Further arguments passed to the non-sets workflow method.

MSPeakLists

An MSPeakLists object that was generated for the supplied fGroups.

relMzDev

Maximum relative deviation between the measured and candidate formula m/z values (in ppm). Sets the ppm command line option.

adduct

An adduct object (or something that can be converted to it with as.adduct). Examples: "[M-H]-", "[M+Na]+". If the featureGroups object has adduct annotations then these are used if adducts=NULL.

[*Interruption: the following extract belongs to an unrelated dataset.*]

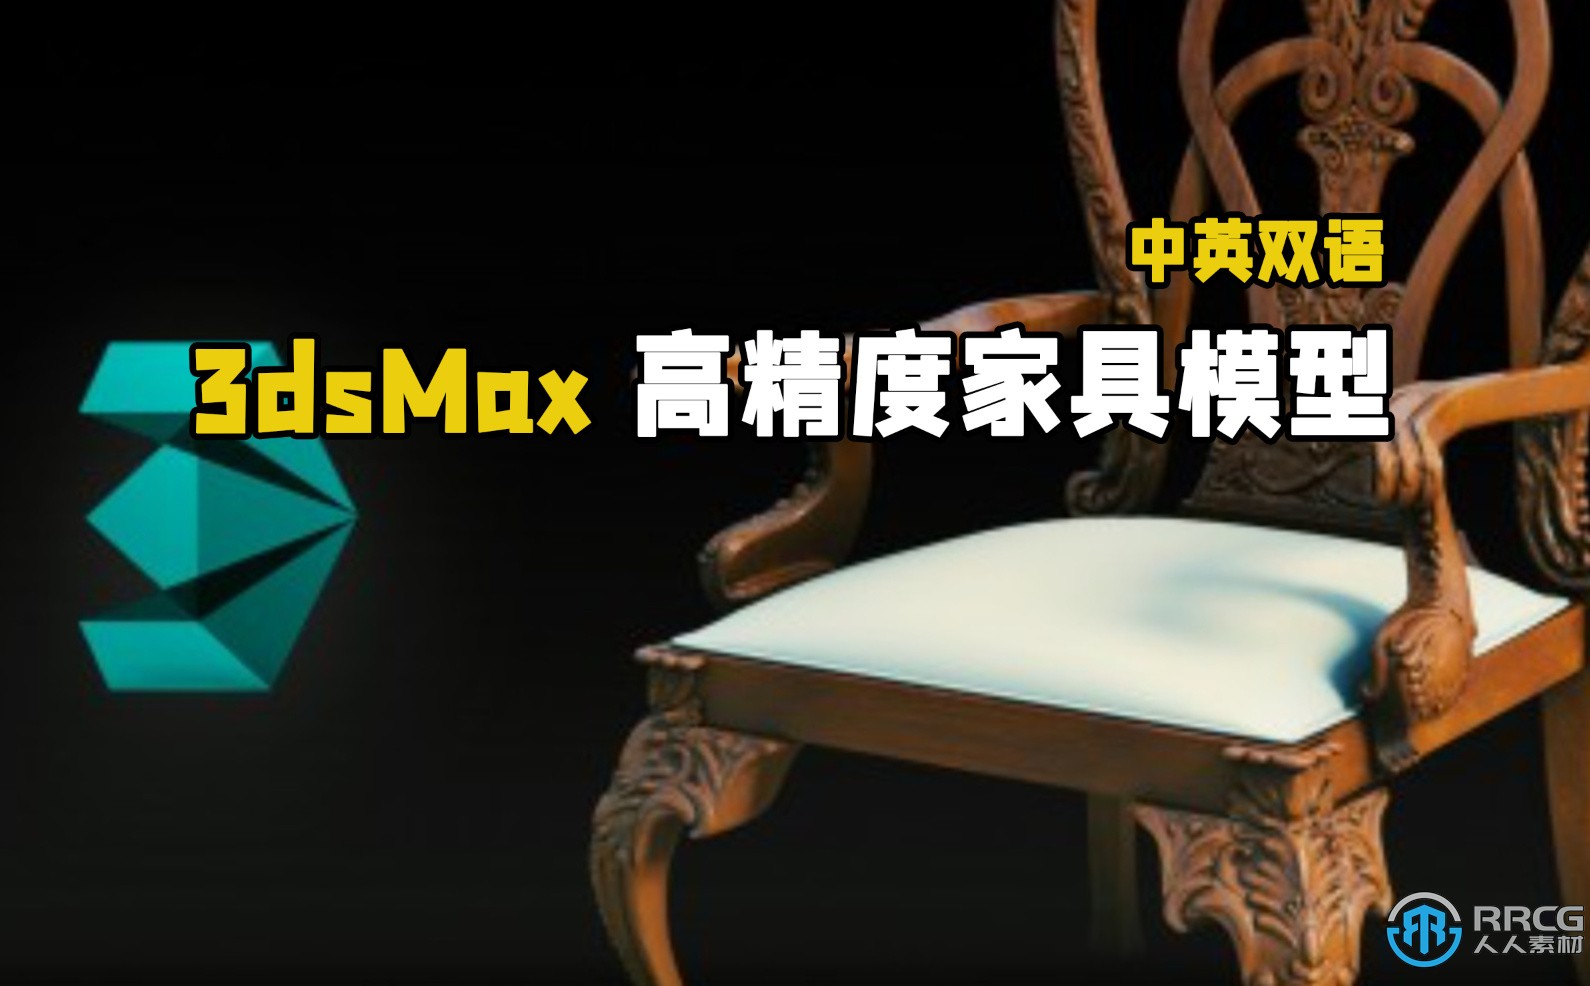 【中文字幕】3dsMax高精度家具模型实例制作视频教程

The adduct argument is not supported for sets workflows, since the adduct annotations will then always be used.

elements

Elements to be considered for formulae calculation. This will heavily affects the number of candidates! Always try to work with a minimal set by excluding elements you don't expect. Sets the el command line option.

hetero

Only consider formulae with at least one hetero atom. Sets the het commandline option.

oc

Only consider organic formulae (i.e. with at least one carbon atom). Sets the oc commandline option.

thrMS, thrMSMS, thrComb

Sets the thresholds for the GenForm MS score (isoScore), MS/MS score (MSMSScore) and combined score (combMatch). Sets the thms/thmsms/thcomb command line options, respectively. Set to NULL for no threshold.

maxCandidates

If this number of candidates are found then GenForm aborts any further formula calculations. The number of candidates is determined after any formula filters, hence, the properties and 'quality' of the candidates is influenced by options such as oc and thrMS arguments. Note that this is different than topMost, which selects the candidates after GenForm finished. Sets the max command line option. Set to 0 or Inf for no maximum.

extraOpts

An optional character vector with any other command line options that will be passed to GenForm. See the GenForm options section for all available command line options.

calculateFeatures

If TRUE fomulae are first calculated for all features prior to feature group assignment (see Candidate assignment in generateFormulas).

featThreshold

If calculateFeatures=TRUE: minimum presence (0-1) of a formula in all features before it is considered as a candidate for a feature group. For instance, featThreshold=0.75 dictates that a formula should be present in at least 75% of the features inside a feature group.

featThresholdAnn

As featThreshold, but only considers features with annotations. For instance, featThresholdAnn=0.75 dictates that a formula should be present in at least 75% of the features with annotations inside a feature group. @param topMost Only keep this number of candidates (per feature group) with highest score.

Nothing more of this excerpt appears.